------ MATERIAL FOR THIS EXERCISE ------
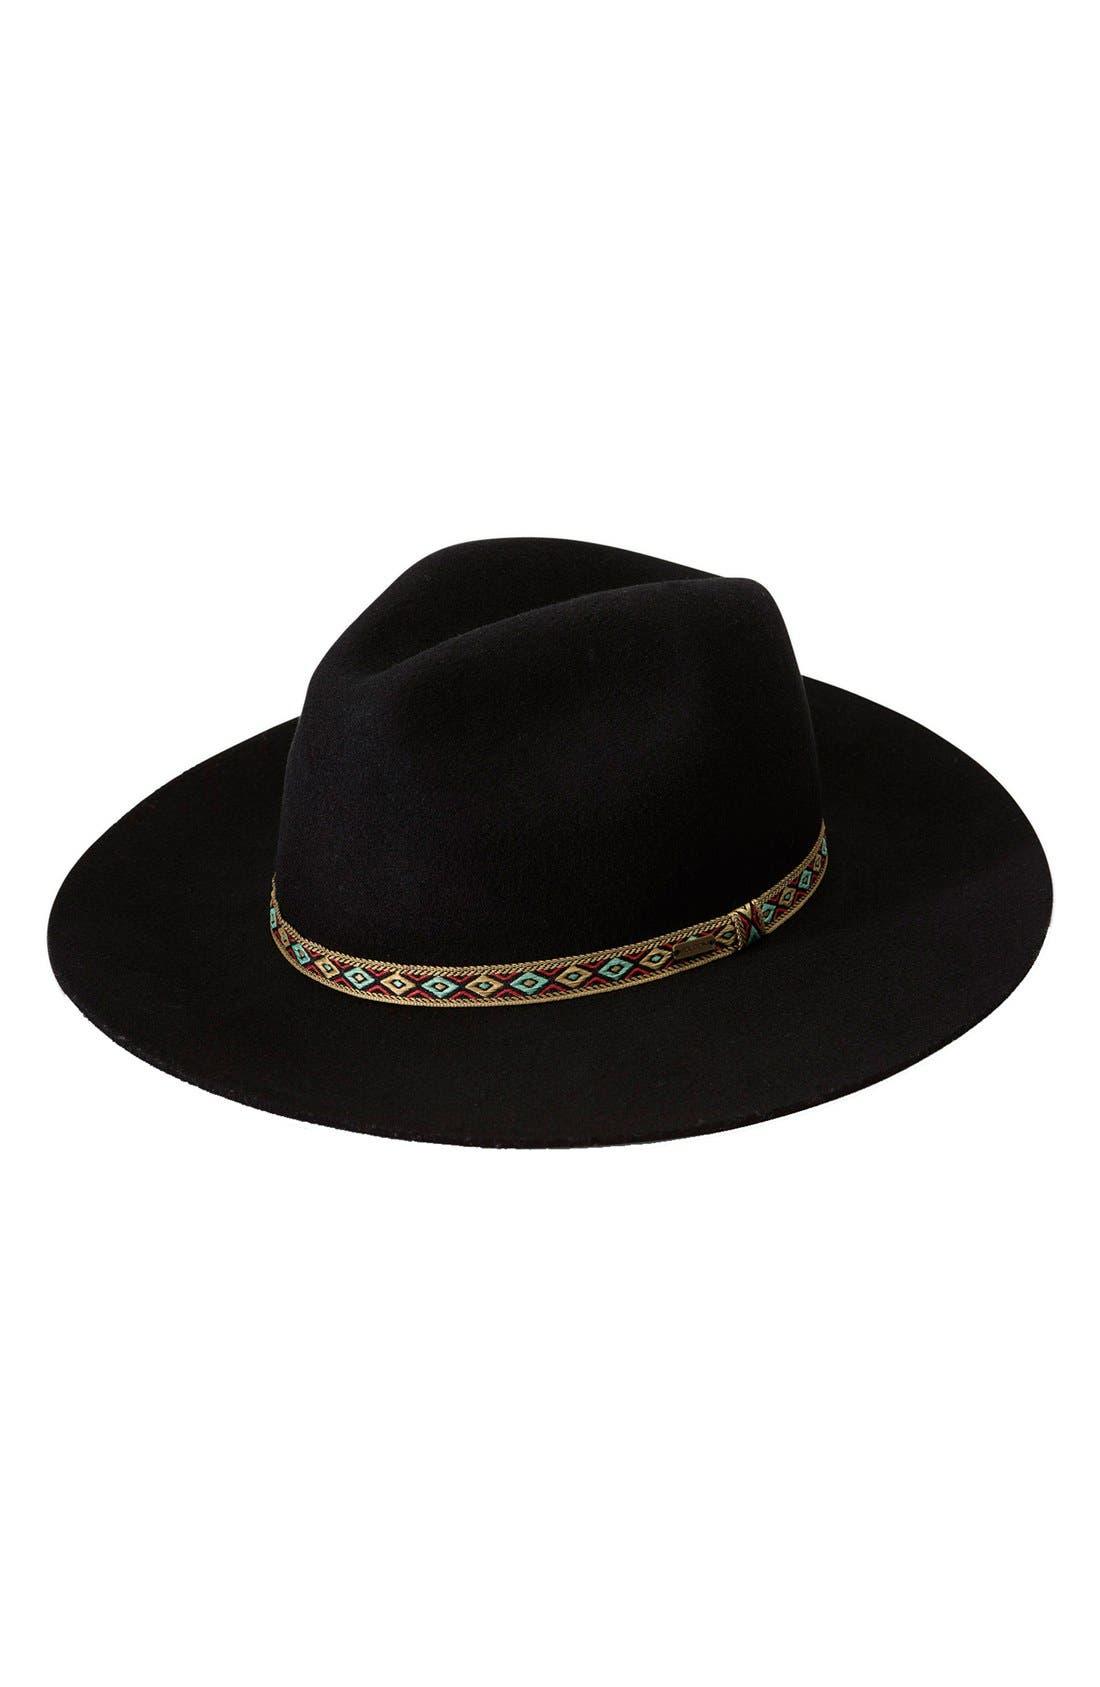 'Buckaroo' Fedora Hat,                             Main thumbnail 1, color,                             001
------
------ MATERIAL FOR THIS EXERCISE ------
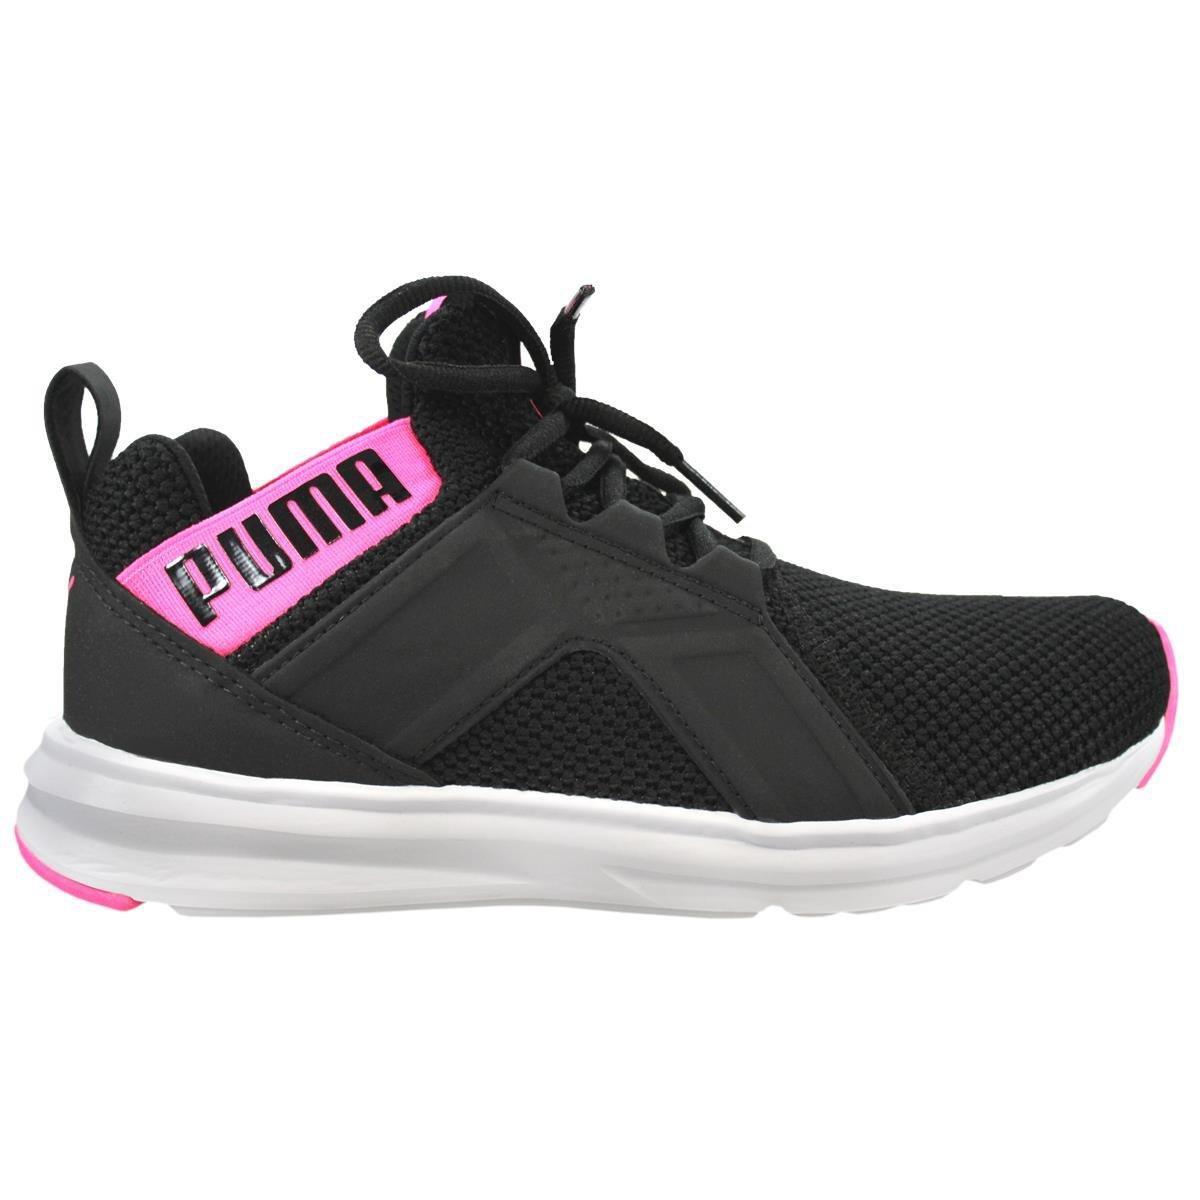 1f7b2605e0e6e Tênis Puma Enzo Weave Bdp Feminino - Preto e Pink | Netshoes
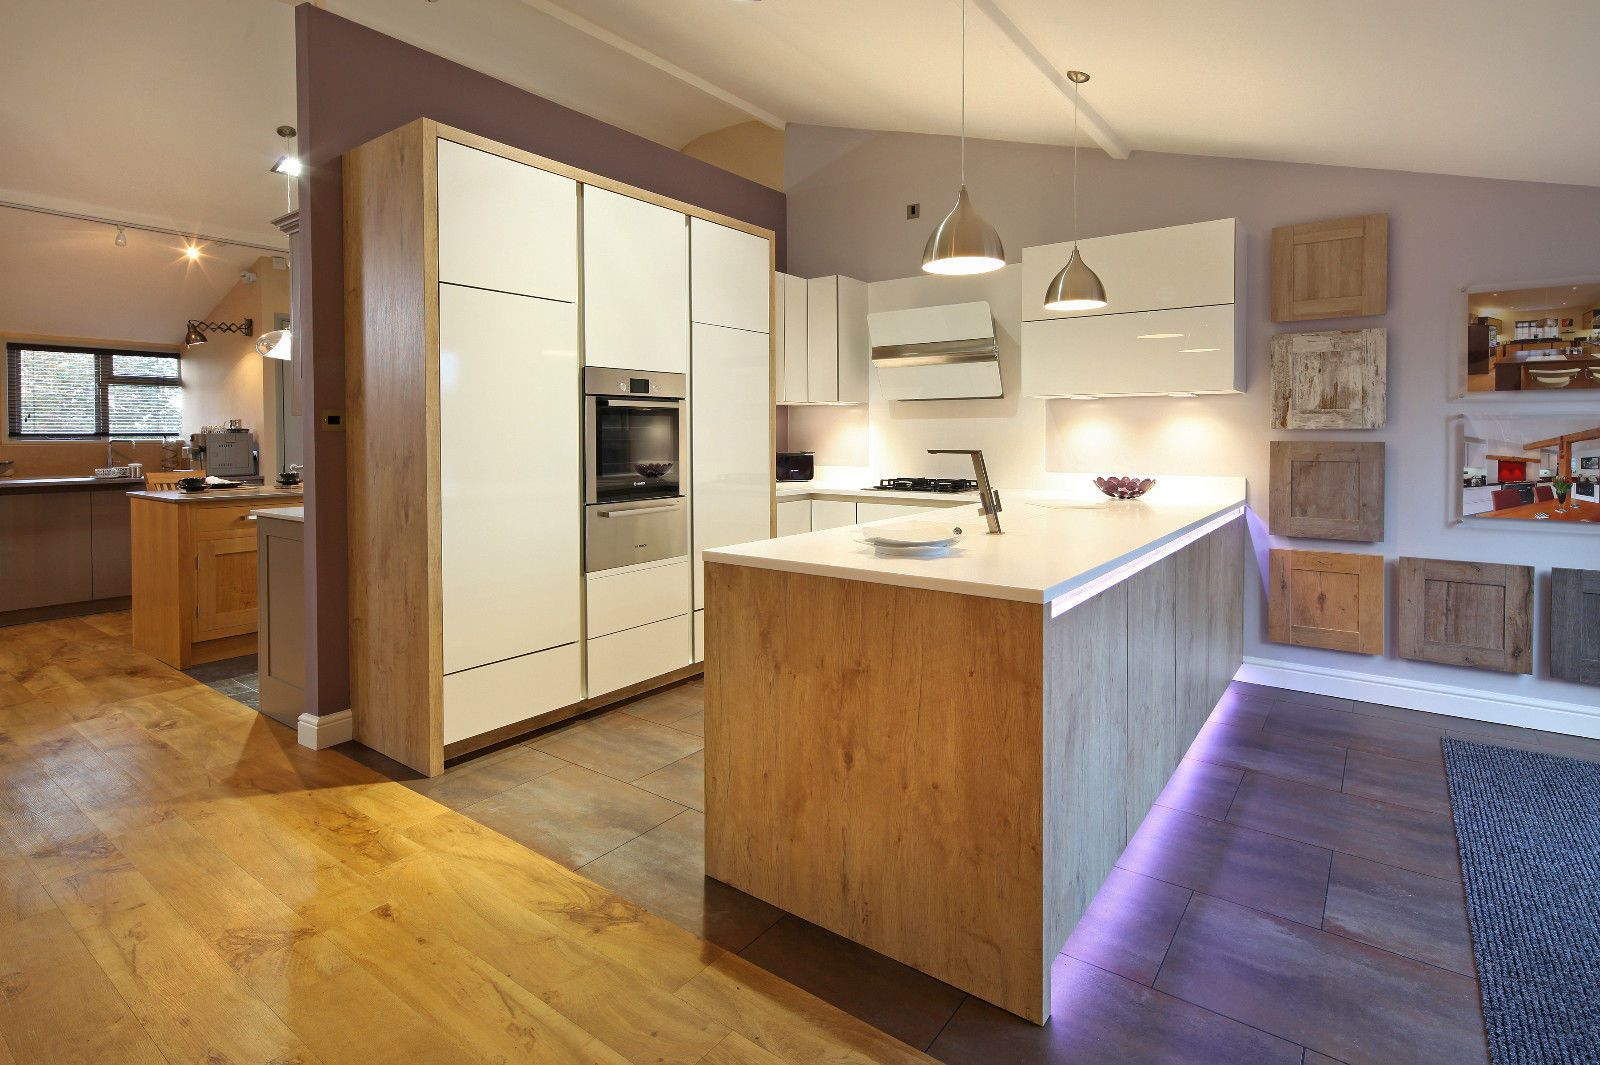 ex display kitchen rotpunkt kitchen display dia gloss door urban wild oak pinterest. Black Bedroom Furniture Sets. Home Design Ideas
------
------ MATERIAL FOR THIS EXERCISE ------
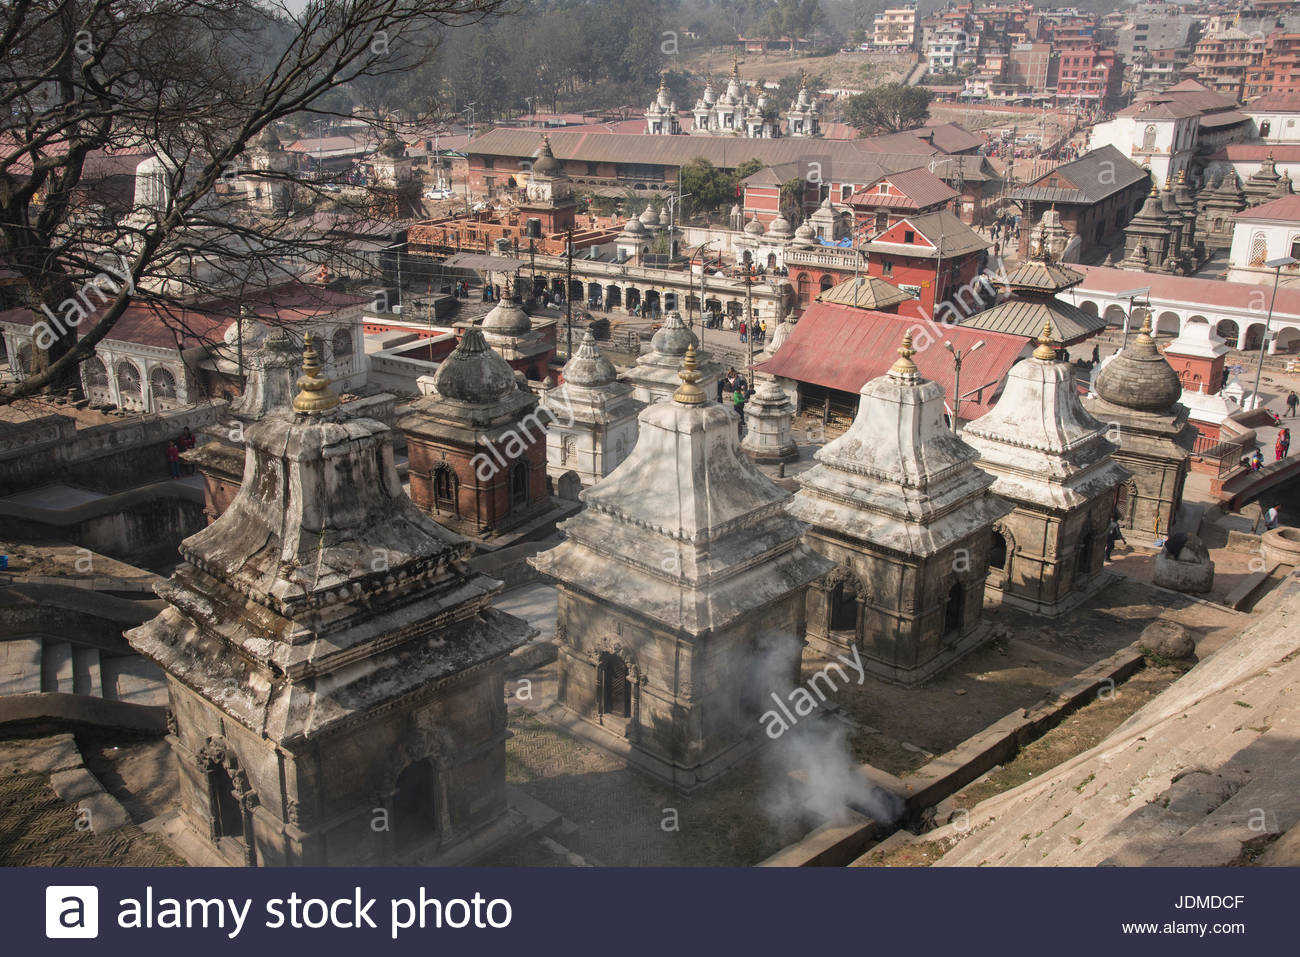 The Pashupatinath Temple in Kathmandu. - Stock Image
------
PROBLEM REQUIREMENTS:
Return exactly the part of the listing above that opens with the line containing "1f7b2605e0e6e Tênis Puma" and closes with the line containing "ex display kitchen". Pictures stay out.

OUTPUT:
 1f7b2605e0e6e Tênis Puma Enzo Weave Bdp Feminino - Preto e Pink | Netshoes
 ex display kitchen rotpunkt kitchen display dia gloss door urban wild oak pinterest. Black Bedroom Furniture Sets. Home Design Ideas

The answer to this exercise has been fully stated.